After boiling, the beef was boiled for a predetermined period of time after thermal etching on the entire mouth side, and then immersed in solder at 260° C. for 30 seconds to measure the time without blistering or peeling. Dimensional change rate The larger of vertical and horizontal 3σn1 is shown. The plate thickness accuracy is shown in the range of 3σnl. From the results in the tJS1 table, it can be seen that the examples of the present invention exhibit excellent properties such as no scratching even though they are molded at low pressure. [Effect of the invention] In the present invention, the thickness is 1. A predetermined number of resin-impregnated base materials with a size of 2 mm or less and an unimpregnated portion of the resin of 2% or less of the total area are stacked, and a metal foil is layered on the outermost layer, which is sandwiched between endless belts and continuously heated and pressed. Since it is molded, it can be molded continuously at low pressure, resulting in high productivity.Moreover, resin flow is small and thickness accuracy can be improved.Furthermore, it has excellent moldability with no voids remaining, and has excellent dimensional stability and moisture resistance. It is possible to produce metal foil-clad laminates with excellent quality and no blurring. Agent Patent Attorney Ishi 1) Ai Seven Procedural Amendments (Voluntary) August 8, 1985 1 1. Indication of the case 1985 Patent Application No. 3mm350 2. Name of the invention Method for manufacturing metal foil-clad laminates 3 , Relationship with the case of the person making the amendment Patent applicant address 1048 Kadoma, Kadoma City, Osaka Prefecture Name (5B
3) Matsushita Electric Works Co., Ltd. Representative: Sadao Fujii 4, Agent postal code: 530 Address: 1-12-17-5 Umeda, Kita-ku, Osaka City Date of amendment order: 6 Number of inventions increased by amendment: None 1) Specification No. 4
Insert "1 or less" next to "0.3%" on the 10th line of the page. 2) Next to “less than 500” on page 4, line 10 of the above [
, the unimpregnated area is less than 5% in terms of cross-sectional area]. 3) 1450 items on page 5, line 9], followed by ``,
We will insert 1.4% of the unimpregnated section of the cross section. 4) Insert "after secondary forming" in front of "Inner layer material dimensional change rate" on page 6, line 6 of the same page. 5) Delete "The unimpregnated area was 2.5%" in the 10th to 11th lines of page 6 of the above and read ``The unimpregnated area of the resin was 1.0%, and the number of bubbles was 1800.'' The unimpregnated part of the cross section is 6.

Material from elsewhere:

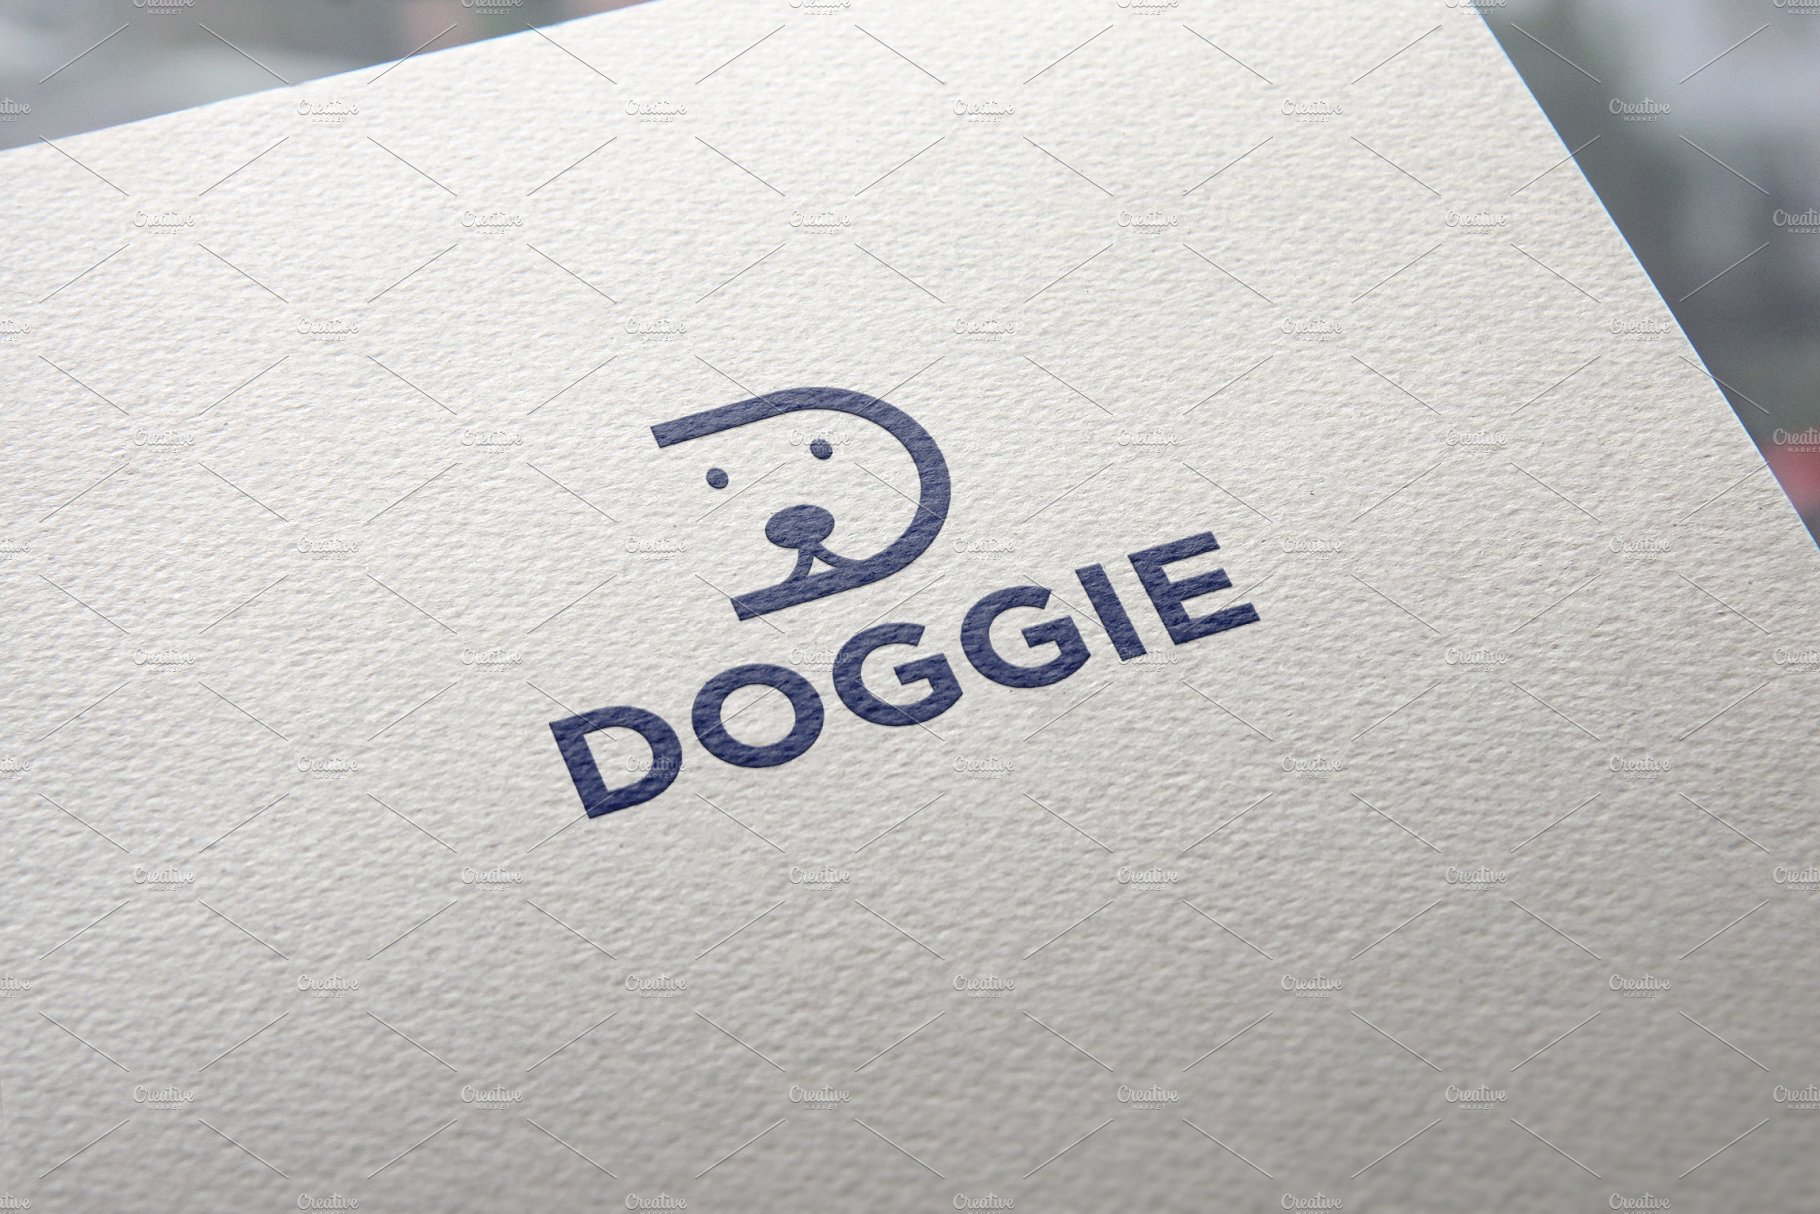 Doggie Logo cover image.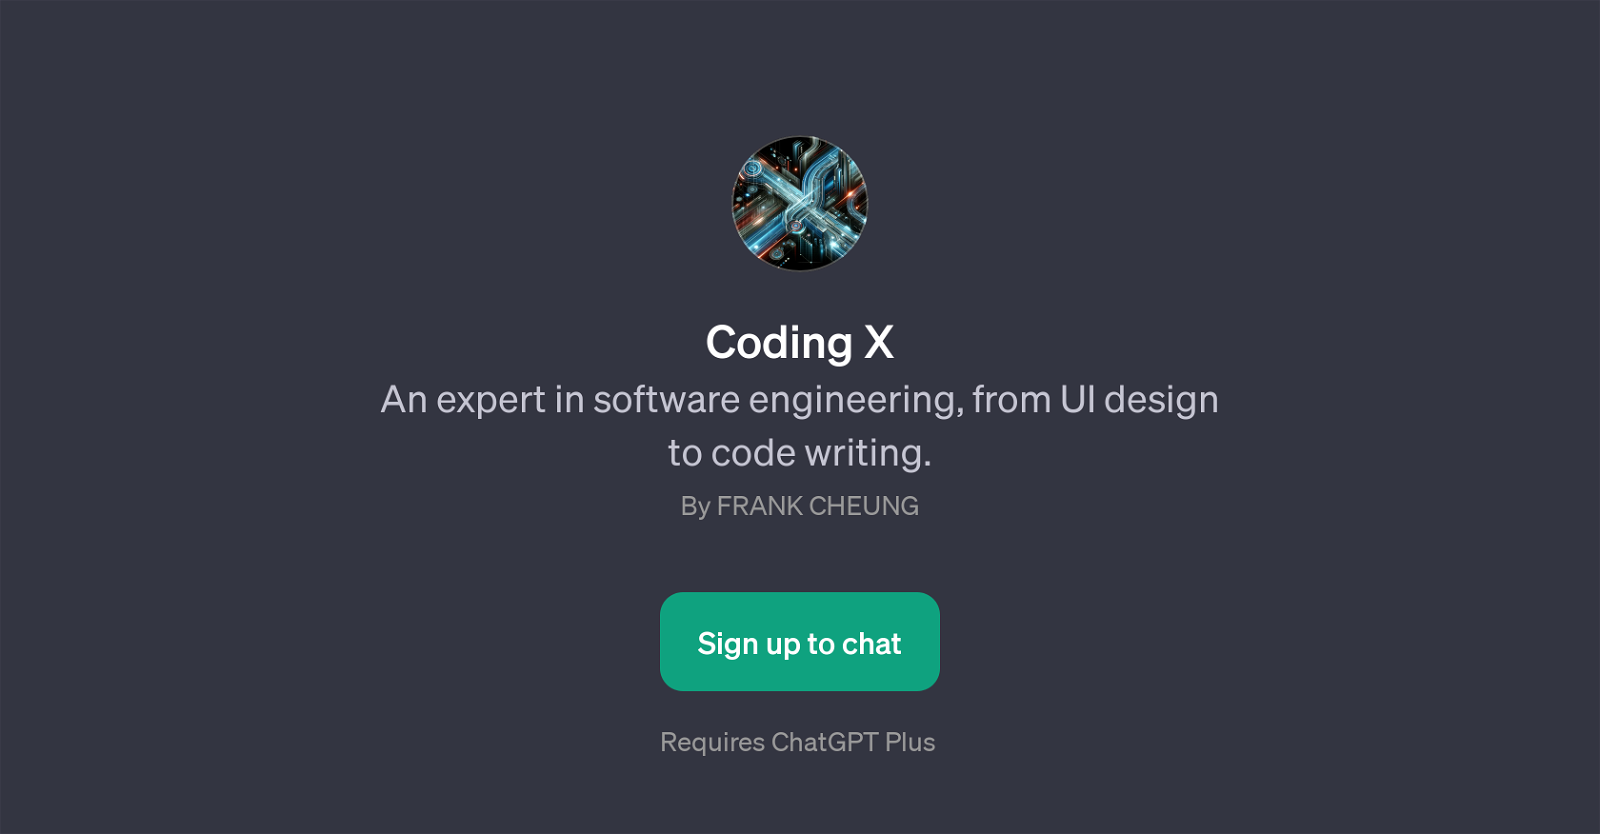 Coding X website

It was 7%. ” will be inserted. 6) In Table 2 on page 8 of the same, the solder heat resistance (time) after boiling of Comparative Example 1 is "3", which has been corrected to [2].

Claims (2)

[Claims] (1) A predetermined number of resin-impregnated base materials with a thickness of 1 mm or less and an unimpregnated portion of resin of 2% or less of the total area are stacked on top of each other and metal foil is layered on the outermost layer, which is then sandwiched between endless belts to continuously produce A method for manufacturing a metal foil-clad laminate, which is characterized by heating and pressure forming. (2) A resin-impregnated base material having a thickness of 0.08 to 0.3 mm and having a resin-unimpregnated portion of 0.3% or less of the total area is used. A method for manufacturing a metal foil-clad laminate.